Saturday, 14 May 2022

Editor's May Pick #4: Summer Fruit Tarts

Editor's note: This recipe as the post mentions isn't a new one - but from the photos you can see it's a sweet-lovers delight. This is therapy - taking your time with the fruit size is definitely worth it and I'm intrigued to try the glaze made from apricot jam - especially with the strawberries! If you time it right with the weekend weather you can almost think Summer has come early! 


Summer Fruit Tarts is what!


This recipe is so old I can't remember when – probably as far back as 1986 ish.


Rich shortcrust pastry

as per the recipe given


Filling


250g mascarpone cheese

165g caster sugar

1 tsp vanilla essence

1 tsp lemon juice


A selection of fresh fruit in season

prepped and sliced for decoration


strawberries, hulled and sliced finely, melon balls

kiwi, grapes and banana to name but a few ideas


Glaze


2 tbsp apricot jam, sieved

1 tbsp water


On a lightly floured board, roll out pastry thinly and cut into circles with a fluted 7cm cutter. Line two 12 tartlet trays – or place sweet shortcrust tart cases on a baking tray and prick bases. Bake at 160fan/180c/Gas 4 for 15-20 minutes, or until golden brown. Cool on a wire rack.
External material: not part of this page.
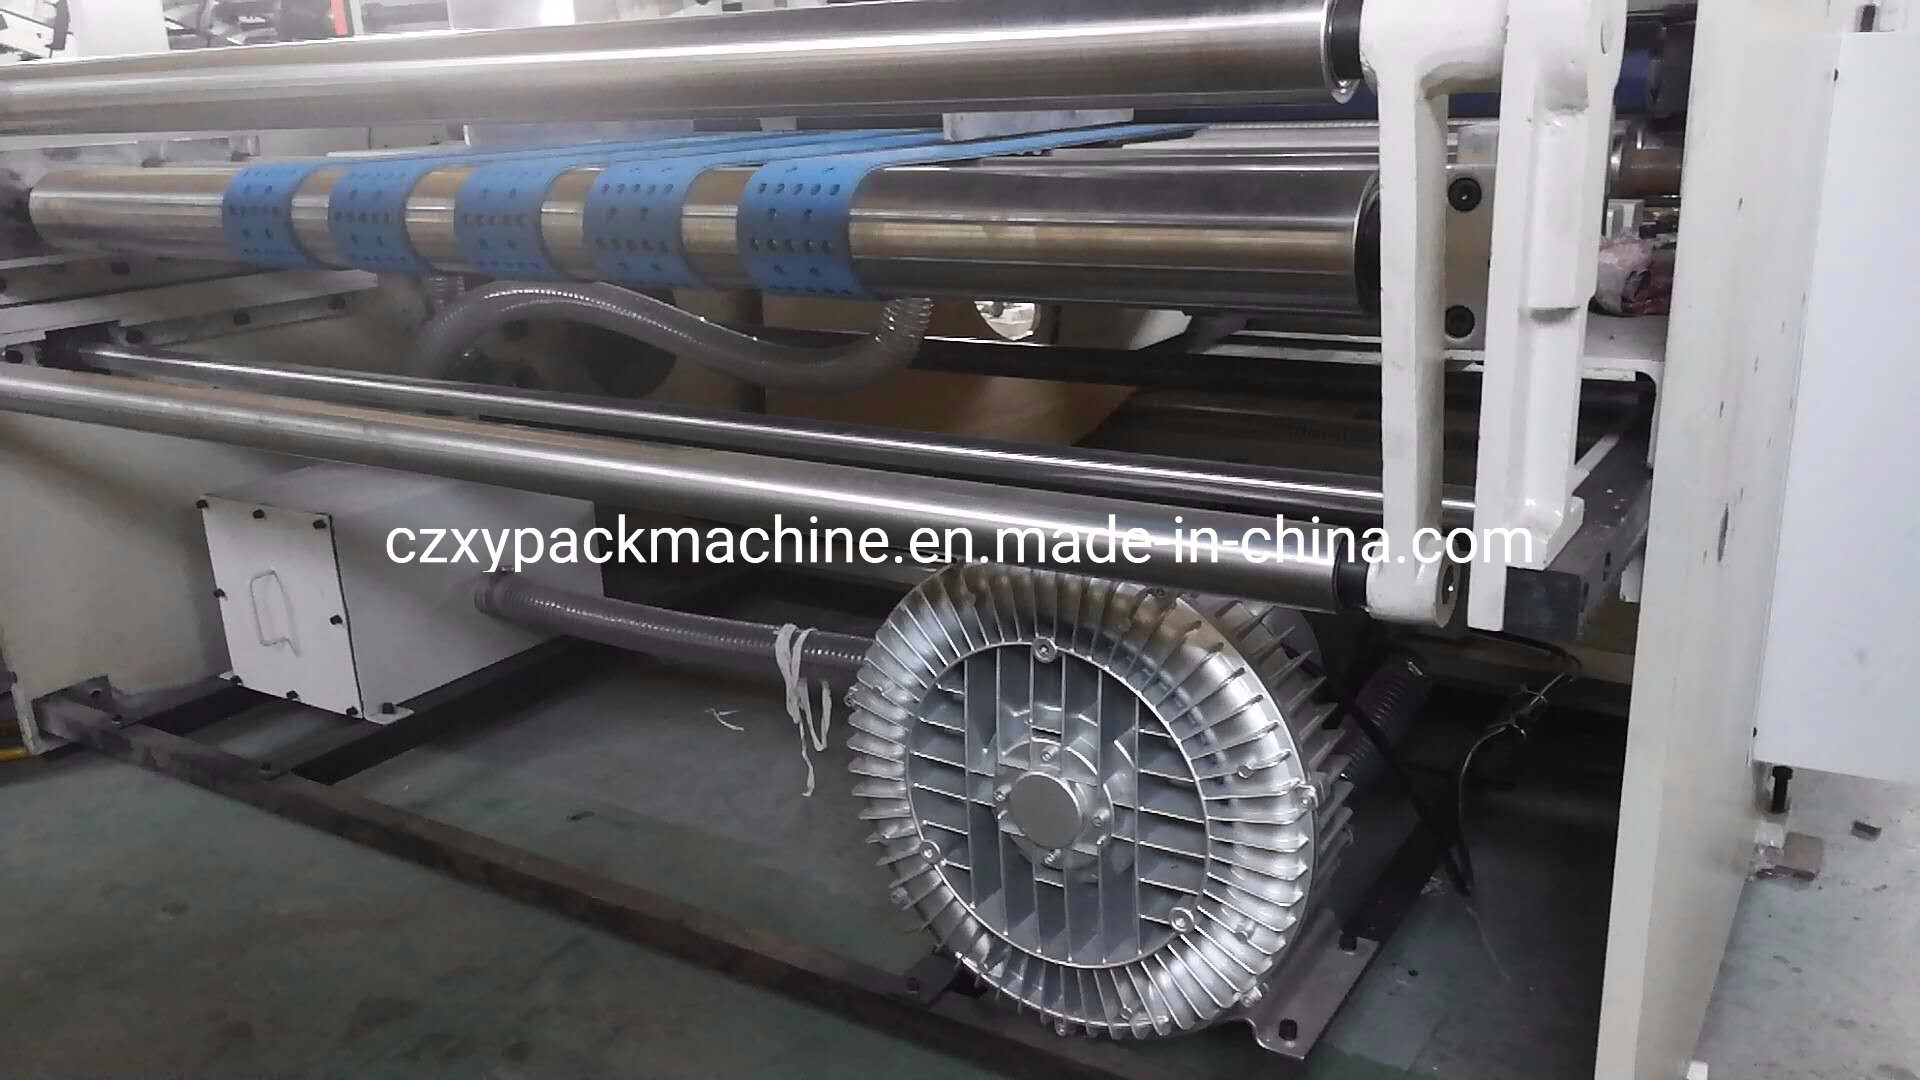 Multi-Functional Flute Laminator Machine for 3ply and 5ply Corrugated Box Production

Beat together the mascarpone cheese, sugar, vanilla and lemon juice. Place a tablespoon of cheese mixture in each tart.

Arrange the fruits decoratively over the top.

Heat the jam and water in a small saucepan over moderate heat until smooth. Brush over tarts and allow to set before serving.

The recipe for the filling will give you sufficient for 24 tarts – perfect for a summer party dessert. Halve the filling recipe for the 12 tart cases or double the pastry recipe if you're going for 24!

These tarts are small, which is great, the size of a jam tart, so perfectly poppable into the mouth.

Use whatever fruit takes your fancy or mix it up – my fancy was strawberries, it's worth the effort of hulling – the finished article looks like this :



If you don't like the idea of making pastry then a shortbread stack would work well. The mascarpone cream is good enough to stand alone – by that I mean it's delicious enough with a bowl of fresh fruit.

I took two pots of the cream, together with fresh strawberries, to my friend who has been on her own since the lockdown, despite our “distance” in her back garden it was worth it. I'm not sure who my friend was pleased to see more – me or the strawberries and cream!